Há uma cena perto do início,
quando o Colégio Cardinalício é isolado do mundo dentro do Vaticano. Os
prelados não podem sair de seus aposentos nem se comunicar com o exterior de
forma alguma, até que elejam o próximo pontífice e uma nuvem de fumaça branca
suba da pequena chaminé no topo do antigo edifício.
A câmera de Nanni Moretti estuda
os rostos desses cerdeais idosos. São brancos, negros, asiáticos, enrugados,
apreensivos. Podemos ler suas mentes. Todos pensam a mesma coisa: "Eu não,
meu Deus! Não me escolha! Eu não sou digno!".

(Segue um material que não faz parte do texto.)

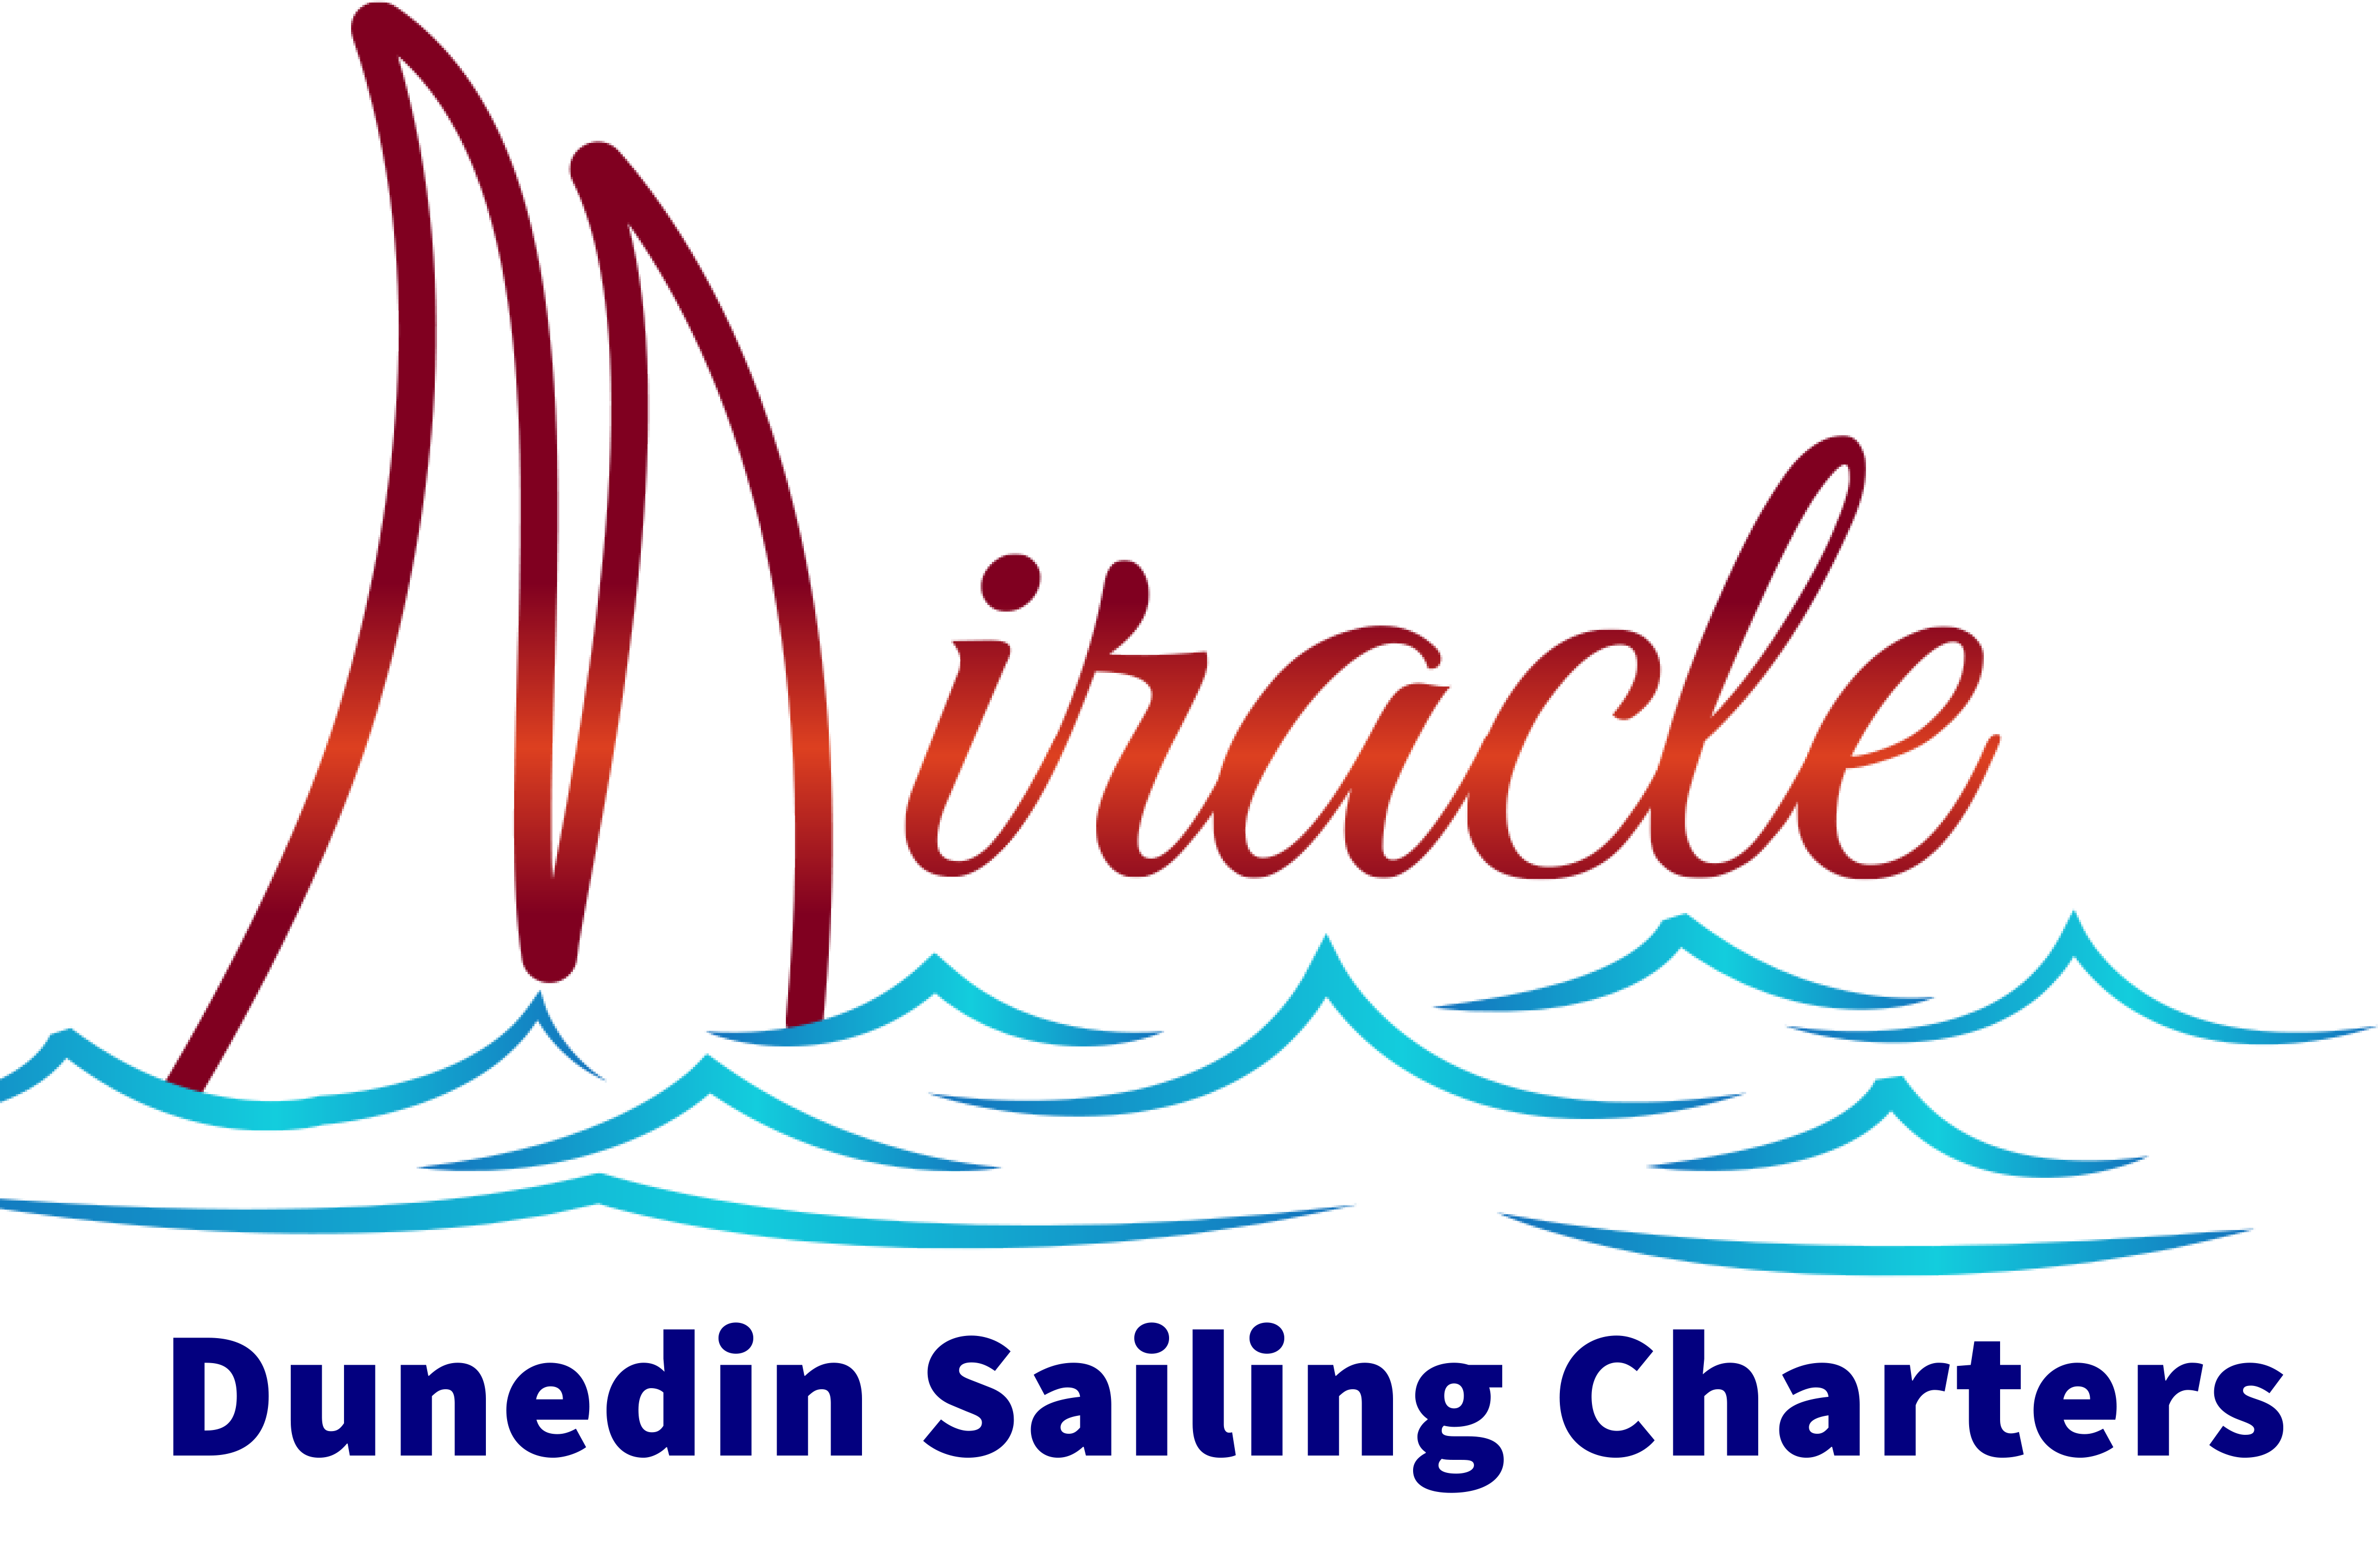 Dunedin Sailing Charters

Finalmente, uma votação crucial é
realizada e, por alguma alquimia sagrada, todos os cardeais parecem estar
decididos pelo mesmo homem. "Melville... Melville... Melville",
ouvimos, e a câmera observa um homem velho e assustado que parece quase se
encolher dentro de suas vestes.
Melville é interpretado por Michel
Piccoli, vencedor do prêmio de melhor ator em Cannes em 1980, um dos favoritos
do renomado diretor ateu Luis Buñuel, com quem fez sete filmes, incluindo
"A Via Láctea", no qual interpretou o Marquês de Sade.
E impactante vê-lo agora
interpretando um cardeal. Este é um dos seus papéis mais cativantes, e ele o
dedica com muito carinho. Mas, claro, faz um eclesiástico com sérias crises
existenciais. Não chega à radicalidade sadeana. Mas decide cruzar os muros do
Vaticano para se perder nas ruas de Roma em busca da Verdade: descobrir o que ele perdeu
na sua vida.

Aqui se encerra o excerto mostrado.